#### Data
--- START ---

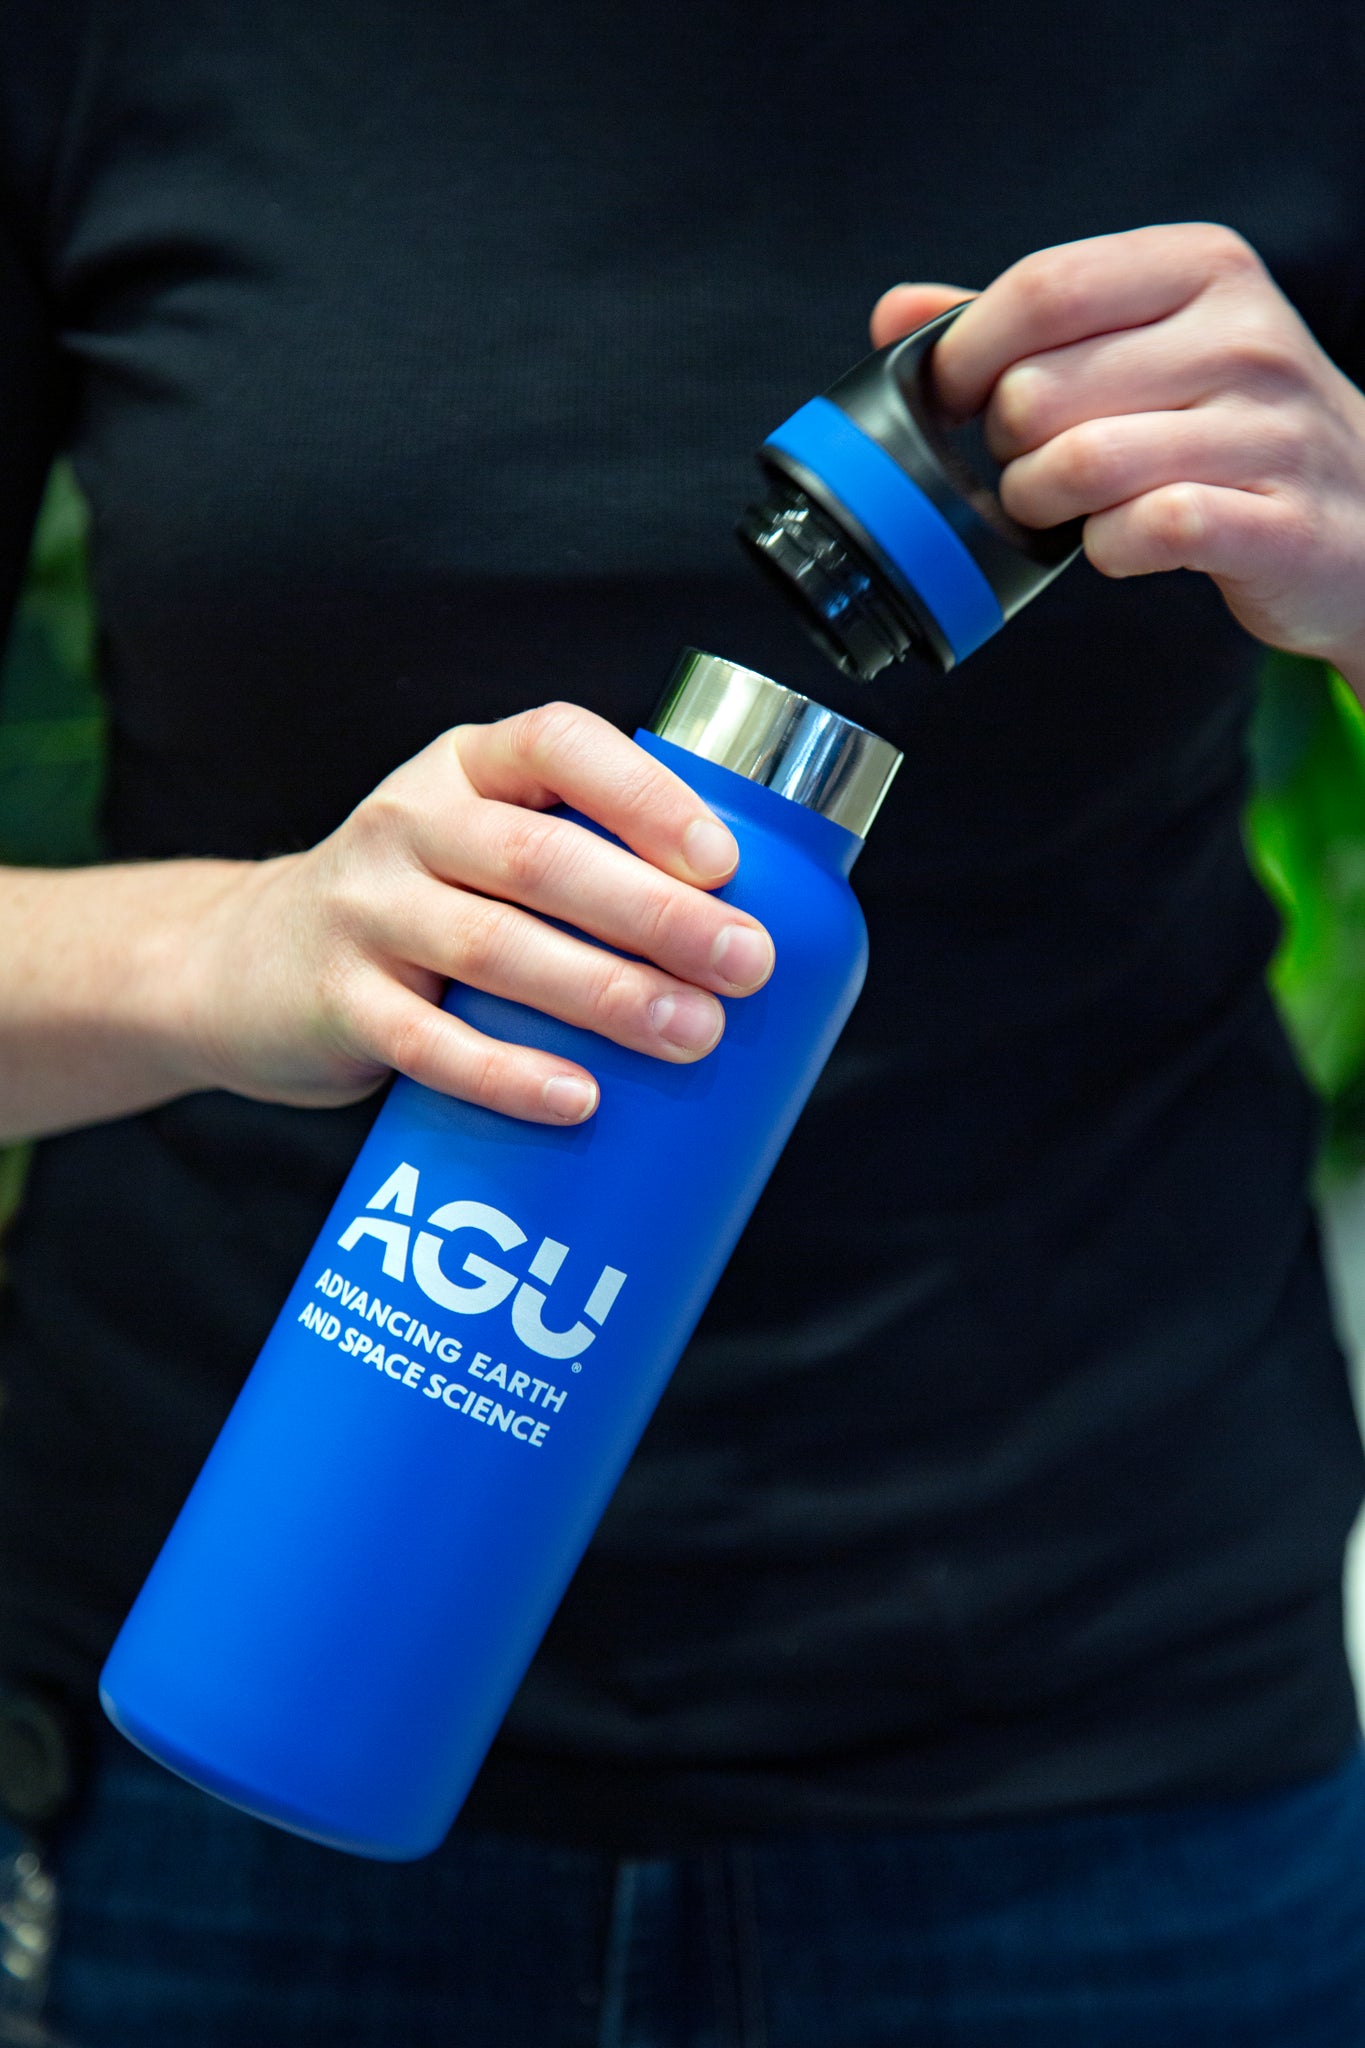 A person holds the AGU water bottle
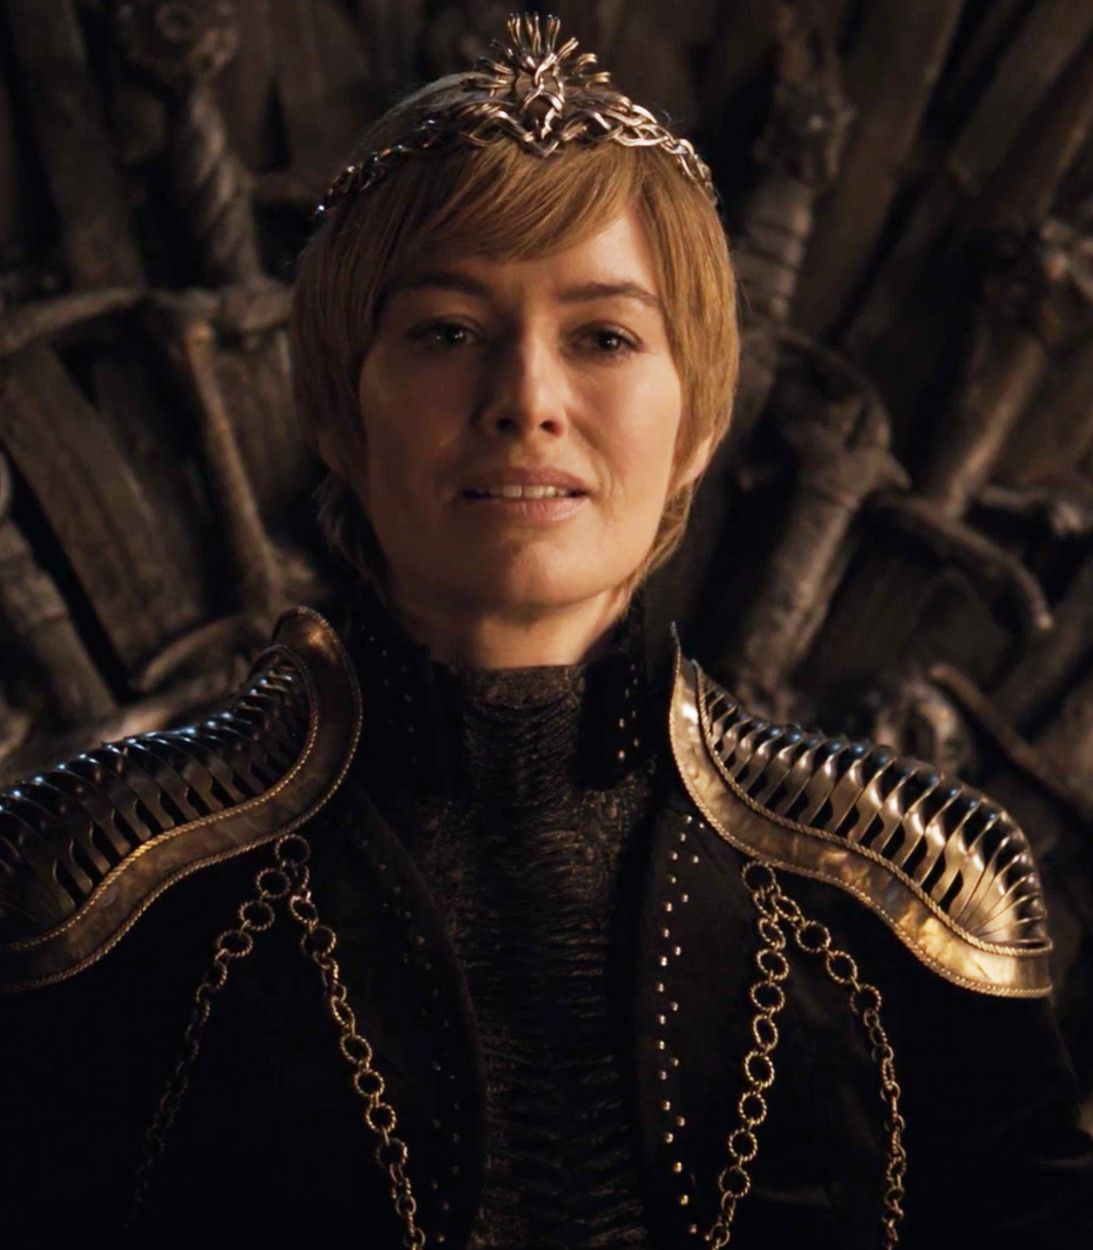 Lena Headey As Cersei Lannister In Game Of Thrones
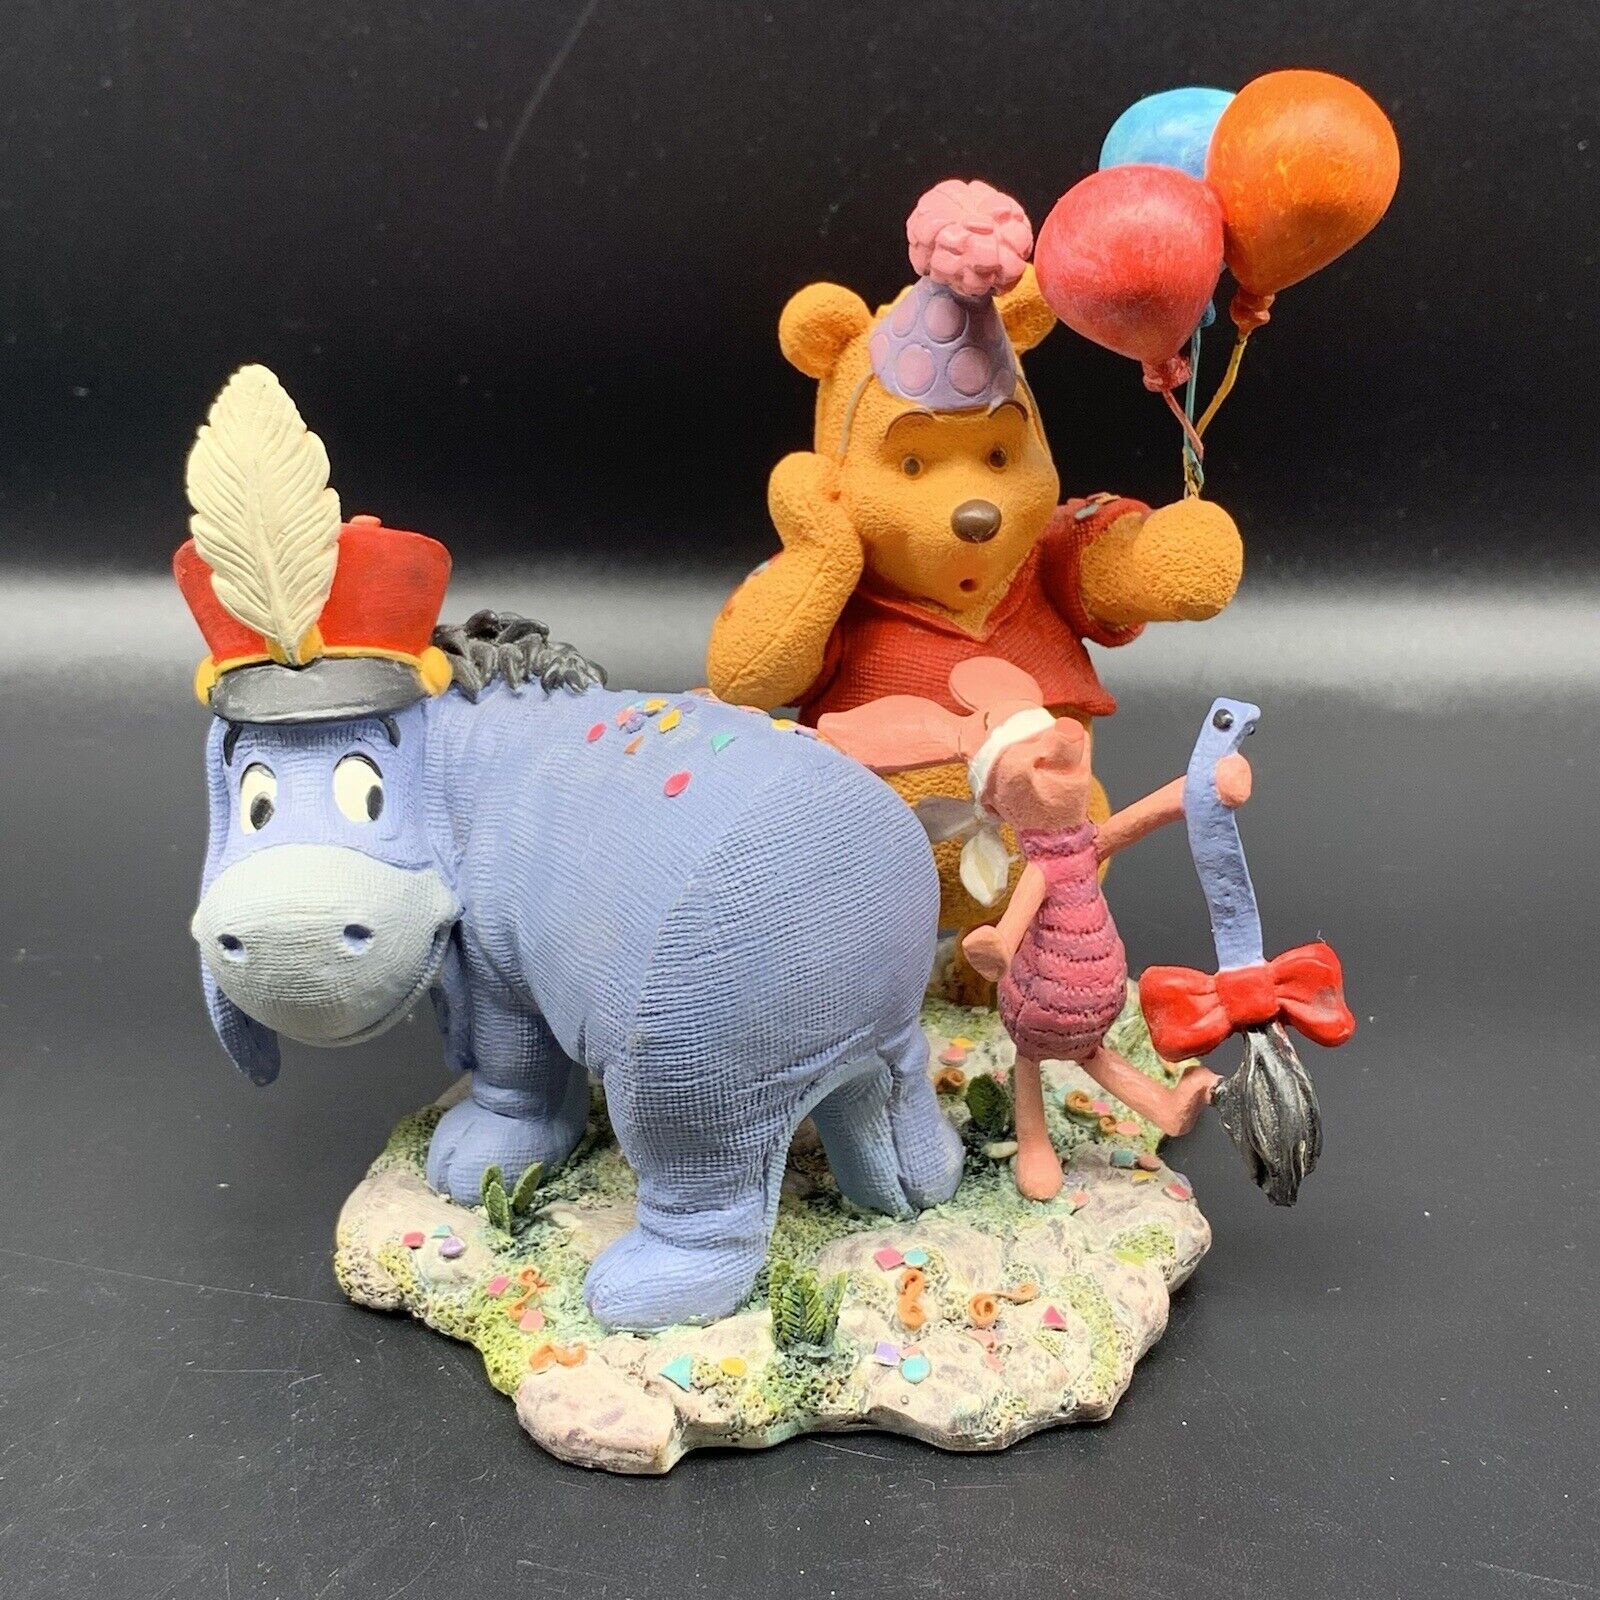 Simply Pooh RETIRED “Wishing You Birthday Merriment and Such” Figurine 4.5”

--- END ---

#### Problem
Transcribe each line of the material above verbatim, but do not include the images.

#### Task solution
 A person holds the AGU water bottle
 Lena Headey As Cersei Lannister In Game Of Thrones
 Simply Pooh RETIRED “Wishing You Birthday Merriment and Such” Figurine 4.5”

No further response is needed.